You could also use git add ., where the period means ‘all the files’. Be careful if you use this – you don’t want to end up capturing things you didn’t mean to.

You won’t get any output, so how do we know this worked? Check the status again.

$git status On branch master No commits yet Changes to be committed: (use "git rm --cached <file>..." to unstage) new file: .gitignore new file: README.md new file: analysis.R new file: raw-data/data.csv These files are now staged and marked as ‘changes to be committed’. If you made a mistake at this point and want to remove files from the stage, you can type git rm --cached <file>. This line is helpfully printed in the output from git status. ### Commit changes When you’re happy with the files that have been staged, you can now commit them. This confirms that you want Git to record the changes made to these files. You commit the staged changes using git commit. It’s good practice to leave a message explaining what changes were made and why. You can leave a simple message using the -m flag of git commit2. The message should be short (typically less than 50 characters) but informative (not just ‘changed stuff’). It’s convention to start with a verb, like ‘add this thing’ or ‘fix that thing’. $ git commit -m "Add readme, gitignore, script and data"
[master (root-commit) 133733b] Add readme, gitignore, script and data
4 files changed, 50 insertions(+)
create mode 100644 .gitignore
create mode 100644 analysis.R
create mode 100644 raw-data/data.csv

The output confirms the files that have been added. It also tells us how many insertions (characters added) and deletions (characters removed) there were. The create mode lines reference that a file has started to be tracked.

How often should you make commits? It’s up to you, but it’s probably a good idea to do it when you’ve completed a section of code that does something useful and that you might want to revert to if there’s a problem later.

Just to prove that we’re up to date, we can check the status of the repository once more.

$git status On branch master nothing to commit, working tree clean Cool. Everything’s up to date. ### Add and edit files (repeat as necessary) Continue to create and edit files, adding and committing them when necessary. For example, let’s add a row to the data set: 22,"FWD","George Weah","Liberia" And add this line to the bottom of our README file: The data are a selection of [Manchester City Football Club players from the 2000 to 2001 Premier League season](https://en.wikipedia.org/wiki/2000%E2%80%9301_Manchester_City_F.C._season). Given that we’ve changed our files and want to store this in our Git version history, let’s go through the status-add-commit workflow again. First, let’s check the status of the files: $ git status
On branch master
Changes not staged for commit:
(use "git add <file>..." to update what will be committed)
(use "git checkout -- <file>..." to discard changes in working directory)
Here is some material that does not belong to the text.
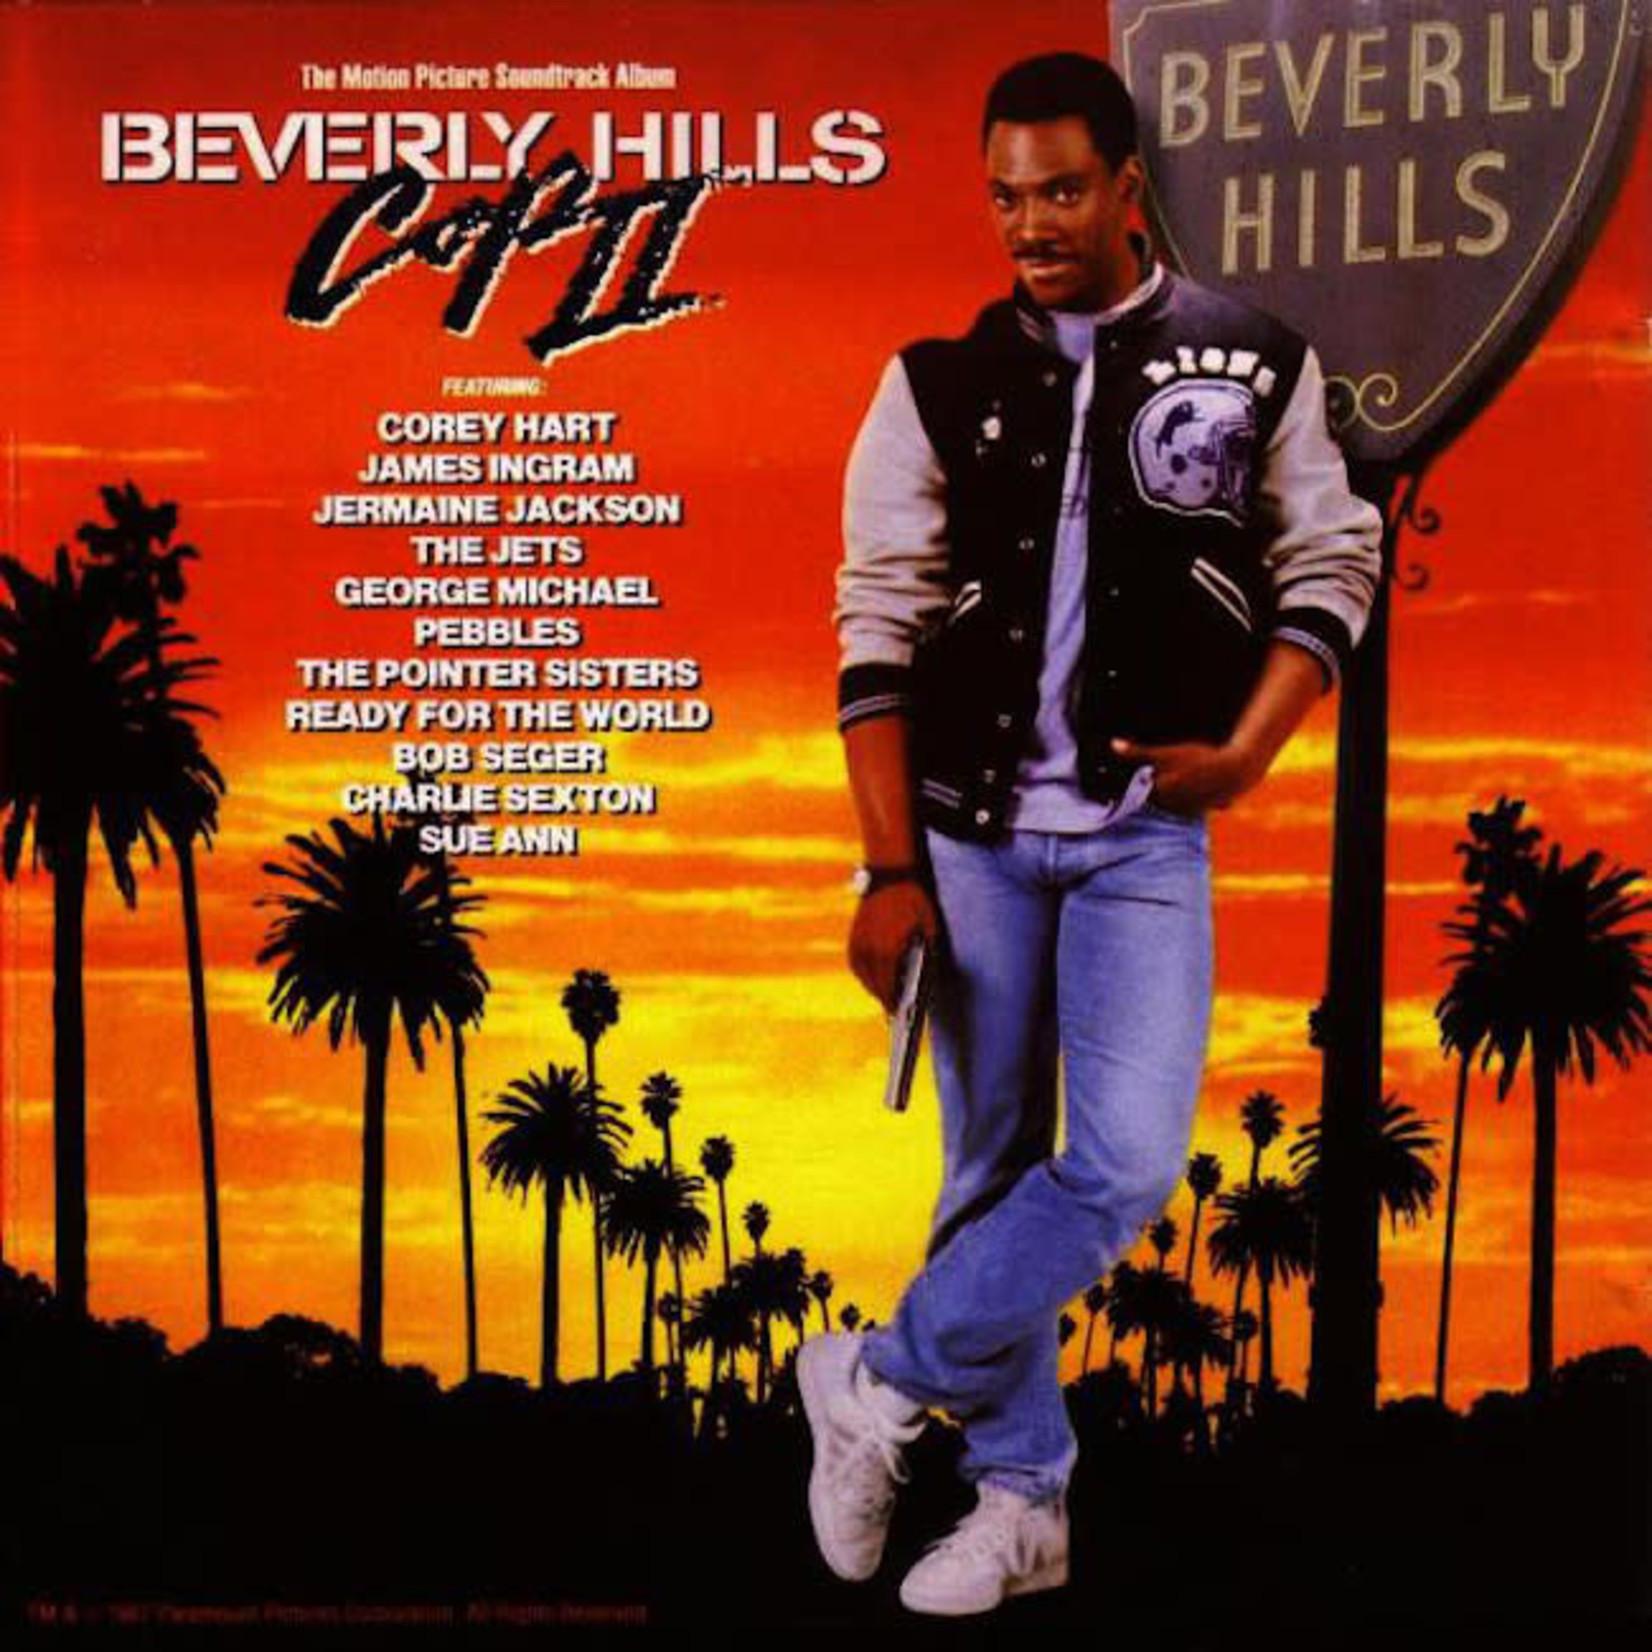 [Vintage] Various: Beverly Hills Cop II (Soundtrack)

modified:   raw-data/data.csv

no changes added to commit (use "git add" and/or "git commit -a")

So the altered files are now marked as ‘modified’. Let’s add them both; I’ll use the period shortcut to add both without typing their full names:

$git add . One more look at the status to check it’s done what we wanted: $ git status
On branch master
Changes to be committed:
(use "git reset HEAD <file>..." to unstage)

modified:   raw-data/data.csv

And now to commit with a message:

git commit -m "Add King George to the data, update readme with Wikipedia link"
[master 1359d3f] Add King George to the data, update readme with Wikipedia link
2 files changed, 3 insertions(+)

And lets check we’re up to date:

\$ git status
On branch master
nothing to commit, working tree clean

Boom. We’re up to date.

You can rinse and repeat this edit-status-add-commit to store versions of the files in your repository.

### Push changes to GitHub

Great, you’ve used Git to version control your files. But the commits are stored locally on your machine. How do you send them to GitHub so you have a remote copy of your version history?

Remember when we set up the GitHub repository for this project earlier on? Now we’re ready to send the version history from our local project folder to this remote repository.

You do this by ‘pushing’ the local information to GitHub.

git push -u origin master
Counting objects: 12, done.
Delta compression using up to 8 threads.
Compressing objects: 100% (10/10), done.
Writing objects: 100% (12/12), 1.52 KiB | 388.00 KiB/s, done.
Total 12 (delta 3), reused 0 (delta 0)
remote: Resolving deltas: 100% (3/3), done.
To https://github.com/matt-dray/demo-project.git
* [new branch]      master -> master
Branch 'master' set up to track remote branch 'master' from 'origin'.

The output confirms that the push was successful.

If you go now to your repository on GitHub, you’ll see that your files have been added. For example, I would navigate to https://github.com/matt-dray/demo-project (this is a real link to the project used in this post!).

You can see the files at the top and our README.md has helpfully been rendered by GitHub so that people can see what the repository is all about.

There’s lots of stuff you can do from here. For example, click ‘Commits’ above and to the left of the list of your files. You can see each of the commits we made earlier.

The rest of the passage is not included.